* TASK GOAL
Reproduce the whole listing word for word. Leave every image out.

* STORED DATA
▬▬▬▬▬▬

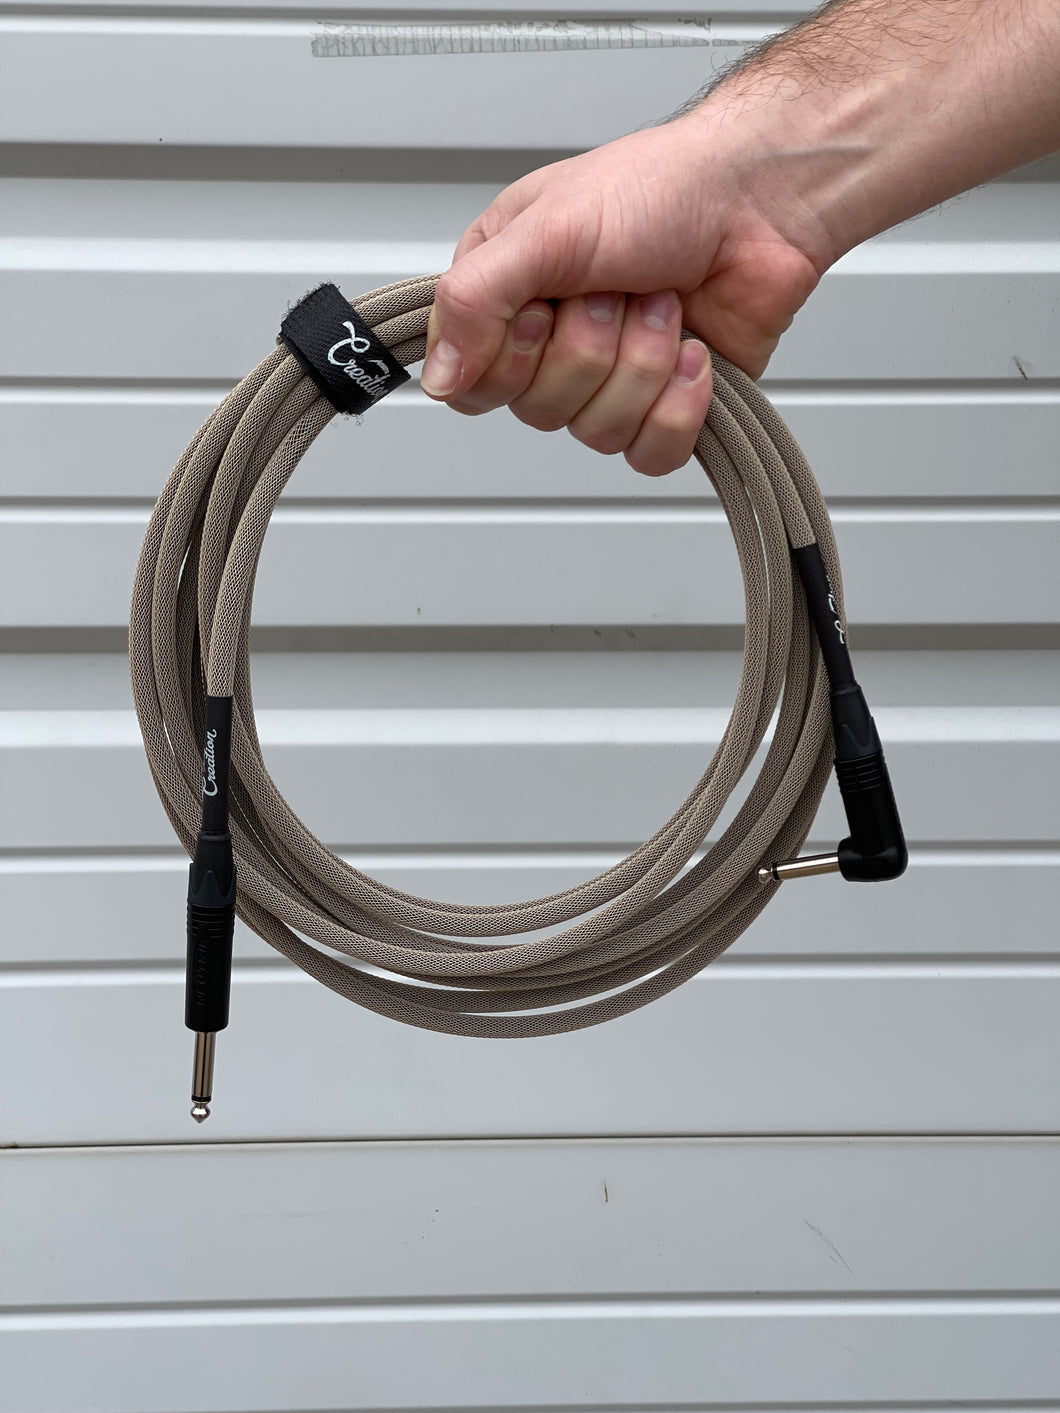 Custom Shop Instrument Cable - Khaki
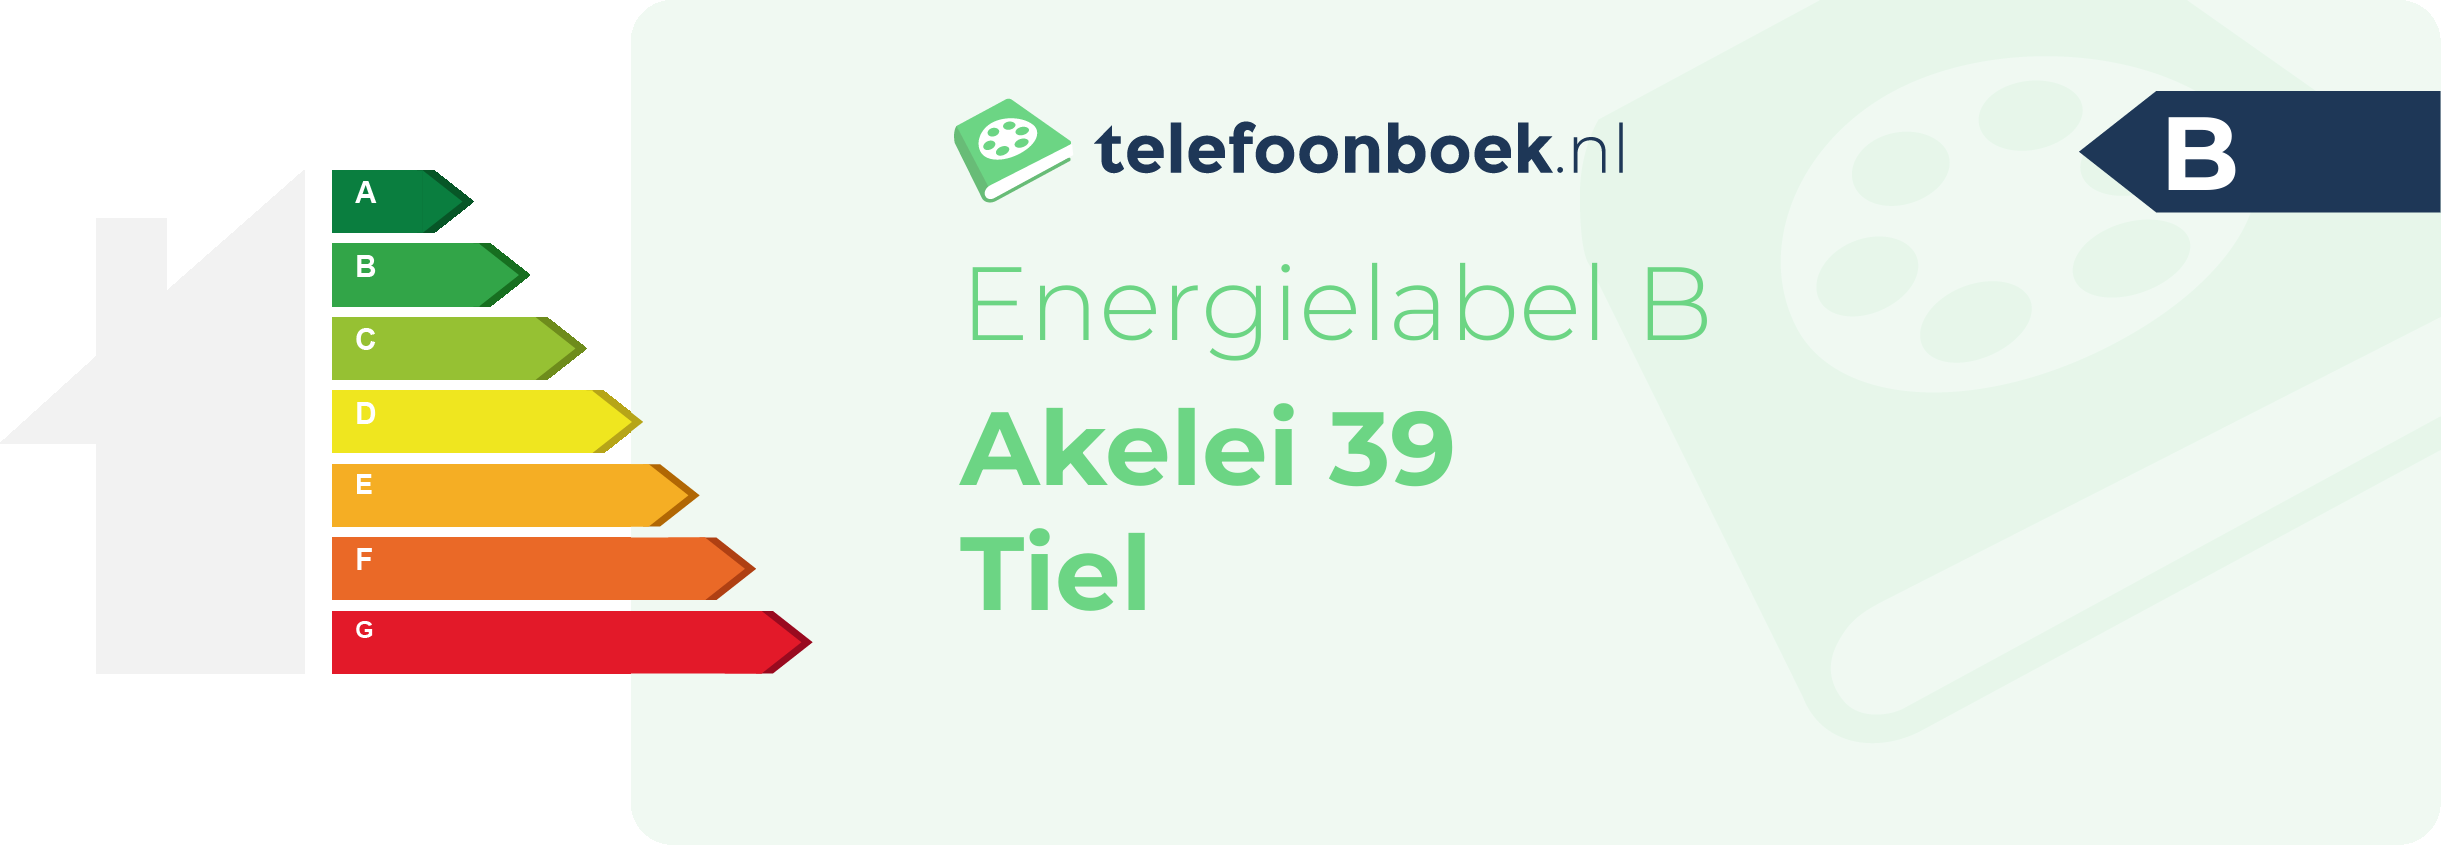 Energielabel Akelei 39 Tiel
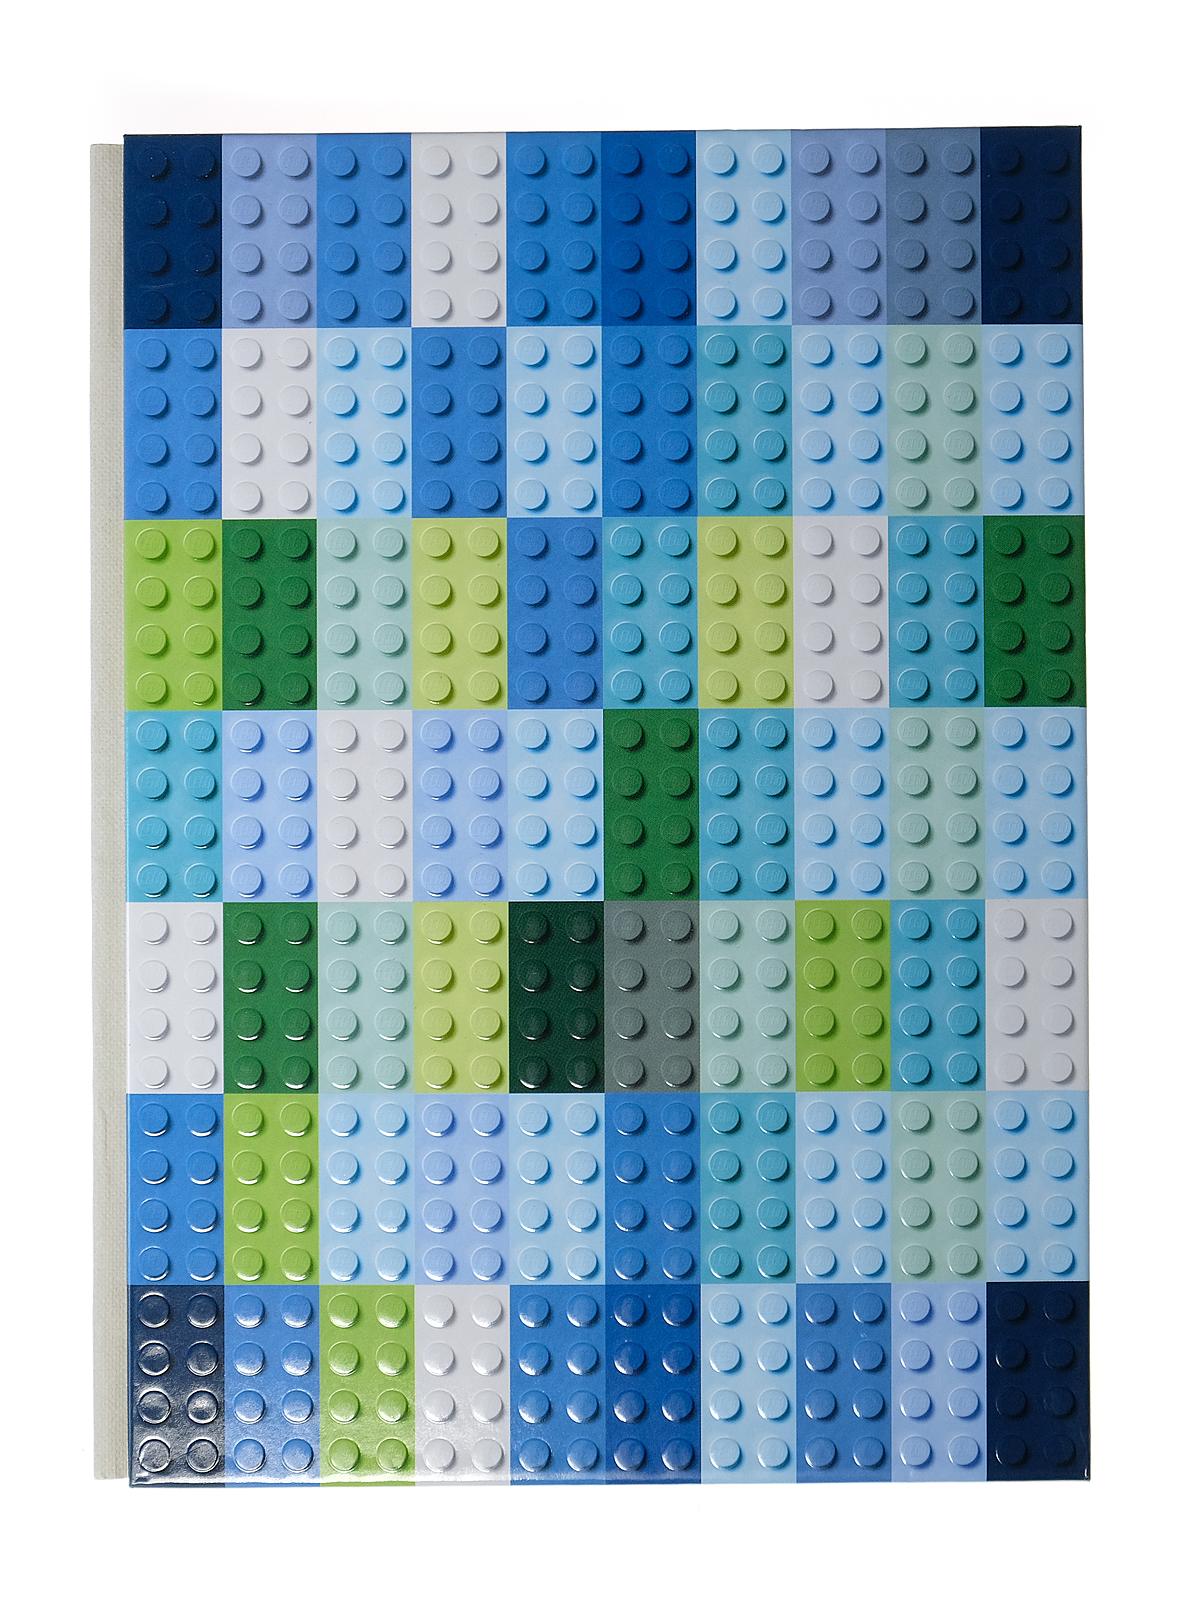 LEGO Brick Notebook Each
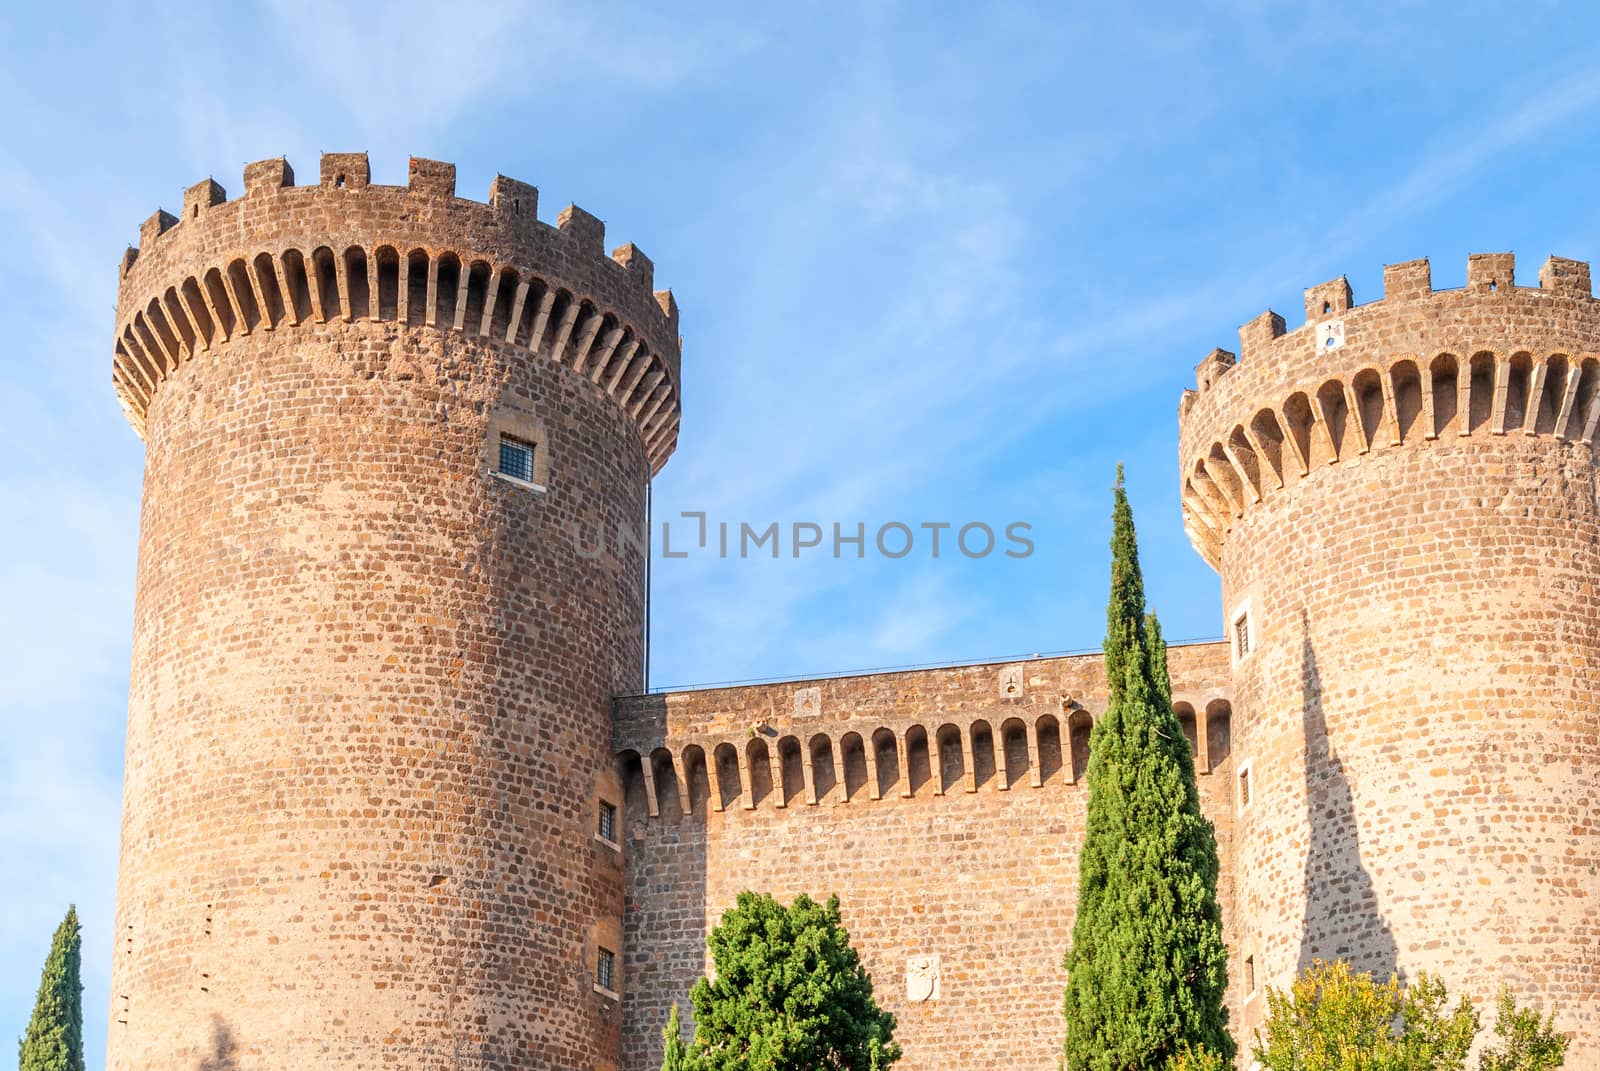 Ancient castle with towers of Rocca Pia in the center of Tivoli, Lazio region, Italy

▬▬▬▬▬▬

* RESULT FOR THIS TASK
 Custom Shop Instrument Cable - Khaki
 Energielabel Akelei 39 Tiel
 LEGO Brick Notebook Each
 Ancient castle with towers of Rocca Pia in the center of Tivoli, Lazio region, Italy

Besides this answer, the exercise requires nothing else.